Fetch Data from PostgreSQL Databases in Python

We use pandas and psycopg2 together to connect with PostgreSQL. psycopg2 is a package allows us to create a connection with PostgreSQL databases in Python, and we will use sqlio within pandas to interact with the database.

If you haven't install the psycopg2 package, simply install it using pip install psycopg2 in terminal.

Database Connection

First we create a connection variable conn so we can call it later when we need it:

conn = psycopg2.connect(
            dbname="dbname", 
            user="username",
            password="password", 
            host="postgresql_host", 
            port="443"
        )

Store SQL Queries

Instead of writing SQL queries inside a function, we store them in python variables so we can call it in sql io functions:

sql_query = """
            SELECT * FROM your_table_name
            WHERE ds = "${bizdate}";
            """

Execute SQL Queries

Now we can use sqlio from pandas.io.sql to execute the SQL command we wrote. It will return a pandas DataFrame so we can simply assign a variable name to it:

df = sqlio.read_sql_query(sql_query.replace('${bizdate}',bizdate), conn)

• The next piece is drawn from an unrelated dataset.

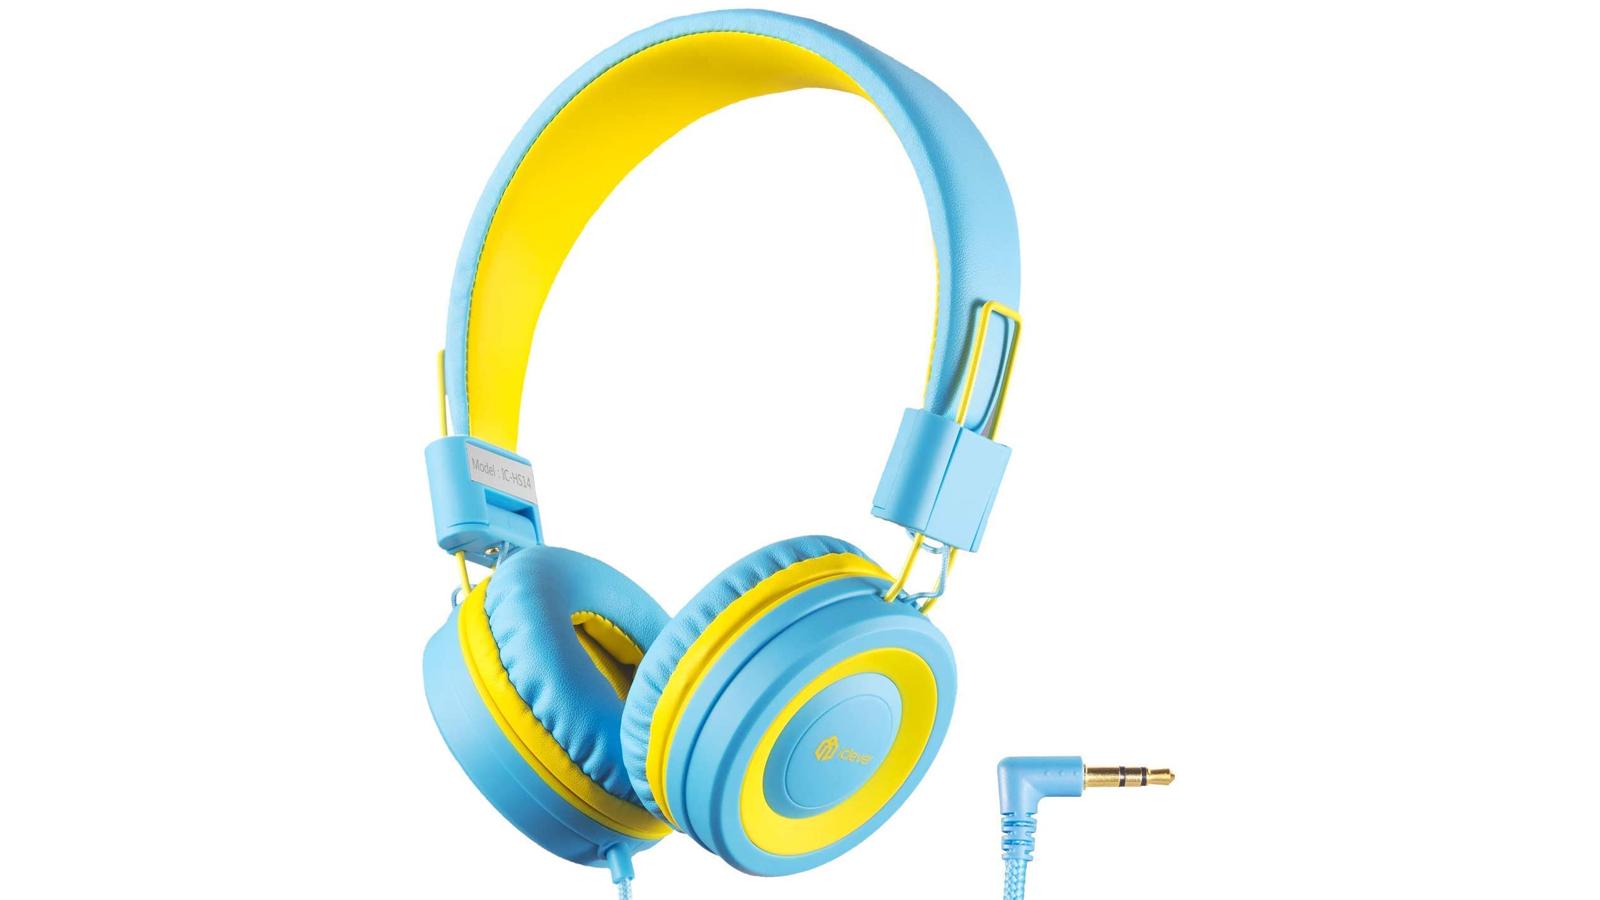 iClever super adjustable kids headphones

Documentation of read_sql_query: https://pandas.pydata.org/pandas-docs/stable/reference/api/pandas.read_sql_query.html

Notice I used a .replace() method for the sql_query. Because often PostgreSQL is used in datawarehosue and the data is store with partition. With the replace of partition, we can execute the command in the correct partition. In my case, the partitions are named with a certain date format (20191225) of yesterday, to create the variable bizdate, use:

import datetime
bizdate = (datetime.date.today() - datetime.timedelta(1)).strftime('%Y%m%d')

Output DataFrame

After some data cleaning, we can export the DataFrame df to other form like .csv files or write it to other database like MySQL:

# export as csv files
df.to_csv('./csv/df.csv', index = False, encoding = 'utf-8')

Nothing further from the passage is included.